Eureka
- Editor: Michael Grayling
- Categories: Mathematical Journal
- Frequency: sesquiannually
- Publisher: The Archimedeans
- First issue: 1939
- Company: University of Cambridge
- Country: United Kingdom
- Language: English
- Website: https://archim.soc.srcf.net/?page_id=140

= Eureka (University of Cambridge magazine) =

British mathematical journal

Eureka is a journal published annually by The Archimedeans, the mathematical society of Cambridge University. It is one of the oldest recreational mathematics publications still in existence. Eureka includes many mathematical articles on a variety of different topics – written by students and mathematicians from all over the world – as well as a short summary of the activities of the society, problem sets, puzzles, artwork and book reviews.

Eureka has been published 66 times since 1939, and authors include many famous mathematicians and scientists such as Paul Erdős, Martin Gardner, Douglas Hofstadter, G. H. Hardy, Béla Bollobás, John Conway, Stephen Hawking, W. T. Tutte (writing with friends under the pseudonyms Blanche Descartes and F. de Carteblanche), popular maths writer Ian Stewart, Fields Medallist Timothy Gowers and Nobel laureates Paul Dirac and Roger Penrose.

The journal was formerly distributed free of charge to all current members of the Archimedeans. Today, it is published electronically as well as in print. In 2020, the publication archive was made freely available online.

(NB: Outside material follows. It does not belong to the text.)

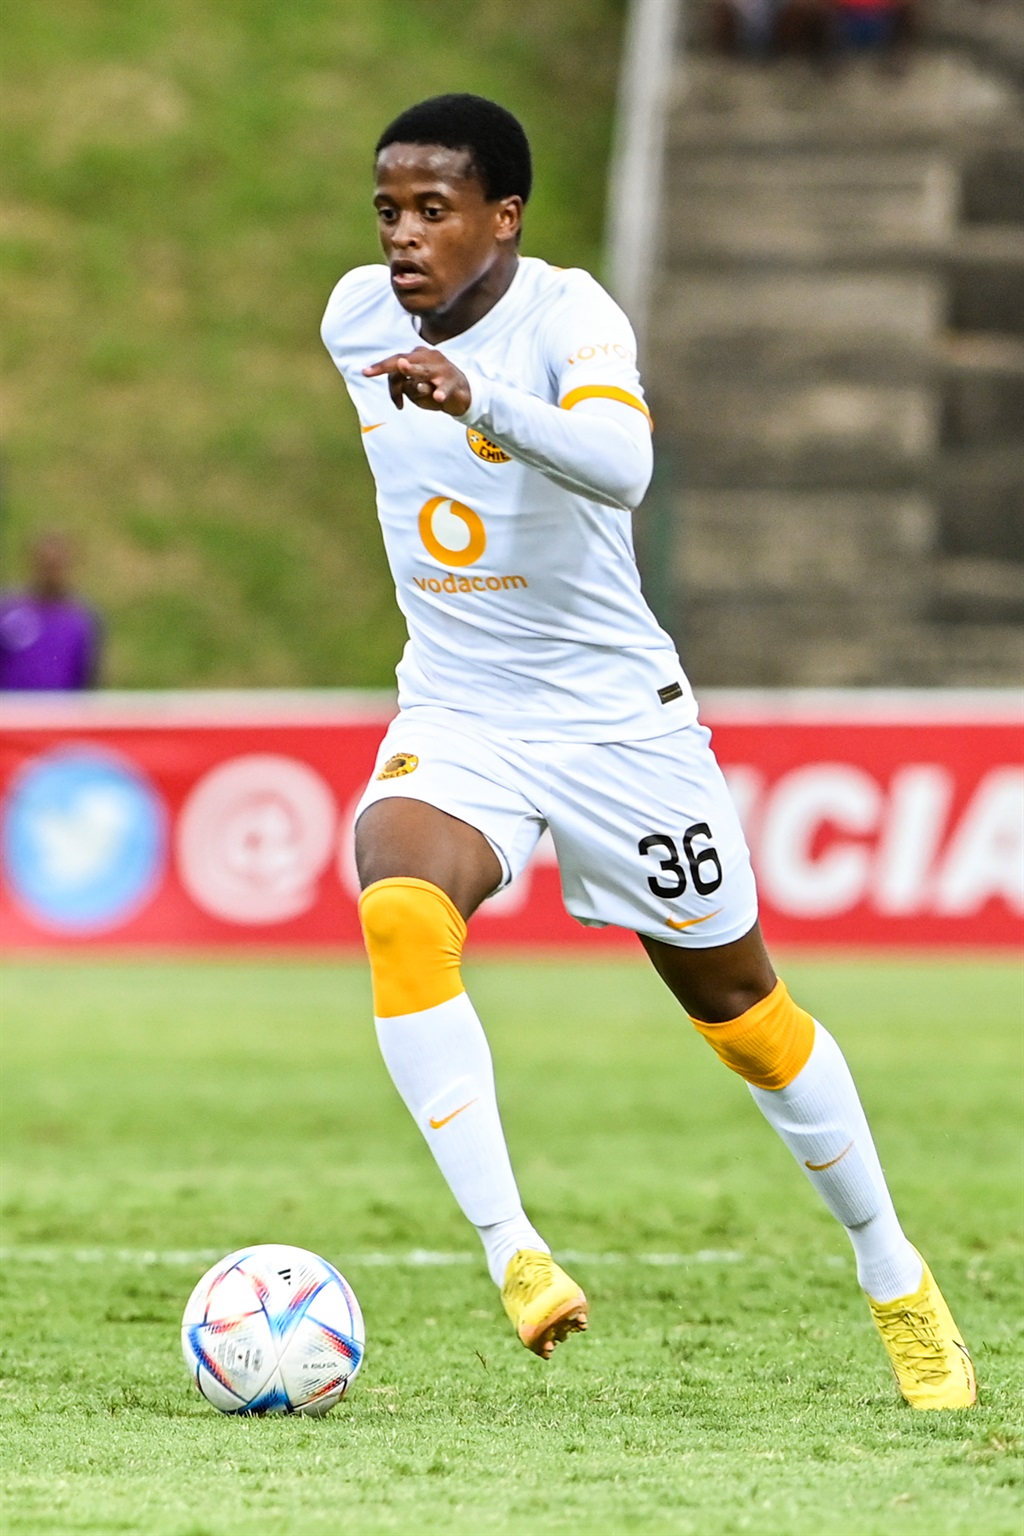 DURBAN, SOUTH AFRICA - MARCH 04: Wandile Duba of Kaizer Chiefs during the DStv Premiership match between Richards Bay and Kaizer Chiefs at King Zwelithini Stadium on March 04, 2023 in Durban, South Africa. (Photo by Darren Stewart/Gallo Images)
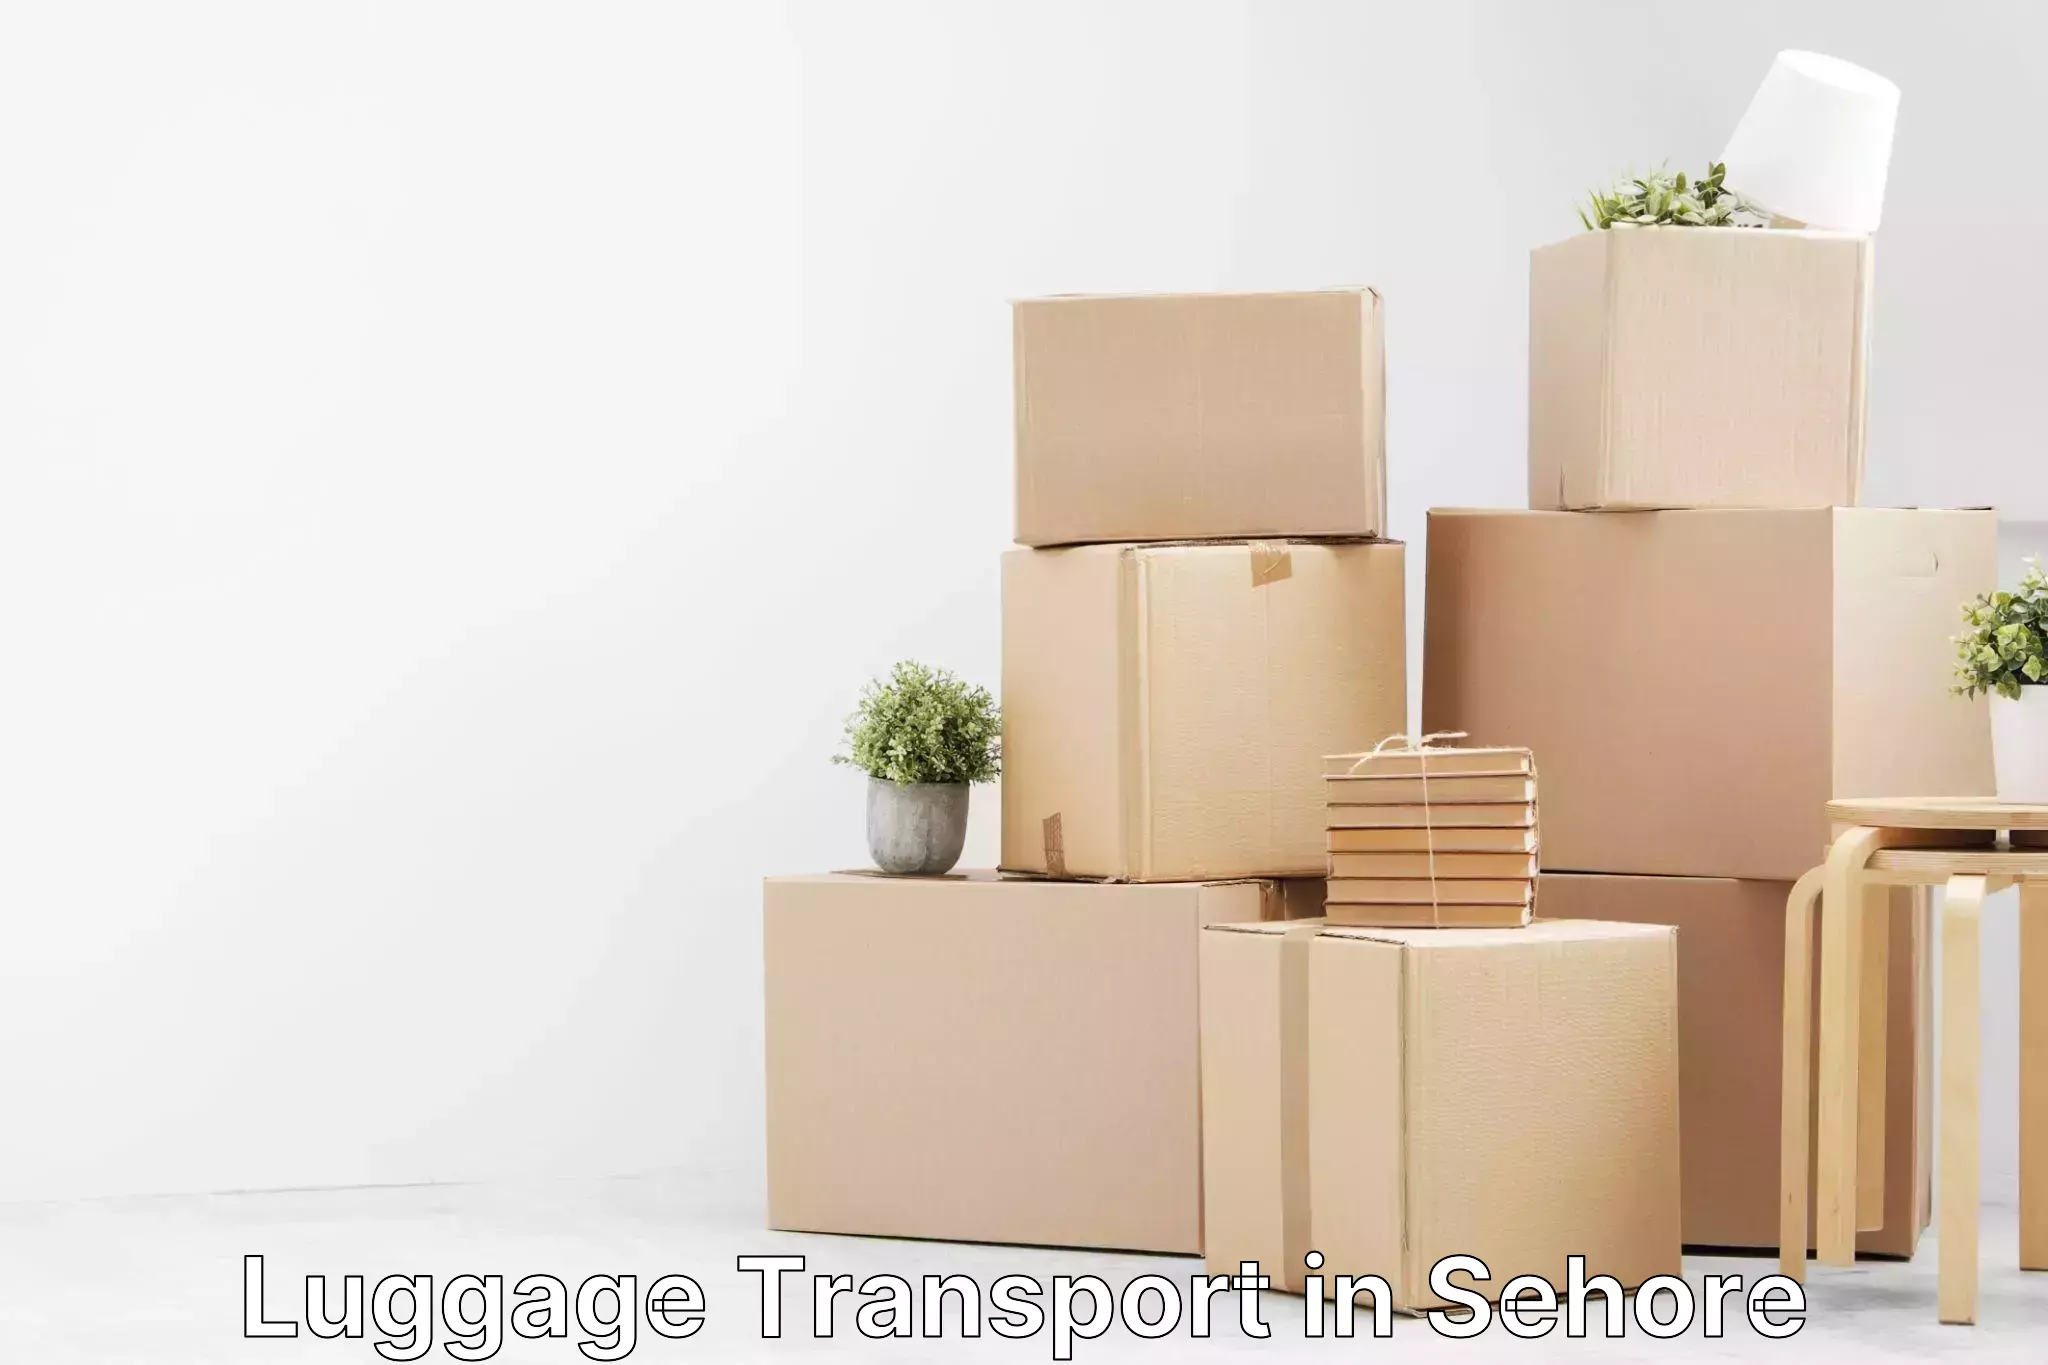 Hassle-free luggage shipping in Sehore

Eureka is edited by students from the university.

Recent issues of Eureka
| Issue | Publication date | Editor |
|---|---|---|
| Eureka 67 | October 2024 | Chenyue (Linda) Zou, Saanya Verma and Christopher Hoeflein |
| Eureka 66 | October 2020 | Valentin Hübner |
| Eureka 65 | April 2018 | Michael Grayling |
| Eureka 64 | April 2016 | Long Tin Chan |
| Eureka 63 | September 2014 | Jasper Bird |
| Eureka 62 | December 2012 | Jack Williams and Philipp Legner |
| Eureka 61 | October 2011 | Philipp Legner and Anja Komatar |
| Eureka 60 | November 2010 | Philipp Legner |
| Eureka 59 | June 2008 | James West |
| Eureka 58 | September 2006 | Shu Kris Chen |
| Eureka 57 | May 2005 | Erica Thompson |
| Eureka 56 | March 2004 | Vicky Neale |
| Eureka 55 | June 2001 | Alan Bain |
| Eureka 54 | March 1996 | Alan Bain |
| Eureka 53 | February 1994 | Colin Bell |
| Eureka 52 | March 1993 | Michael T. Greene |
| Eureka 51 | March 1992 | Mark Wainwright |
| Eureka 50 | April 1990 | Mark Wainwright |

Of the mathematical articles, there is a paper by Freeman Dyson where he defined the rank of a partition in an effort to prove combinatorially the partition congruences earlier discovered by Srinivasa Ramanujan. In the article, Dyson made a series of conjectures that were all eventually resolved.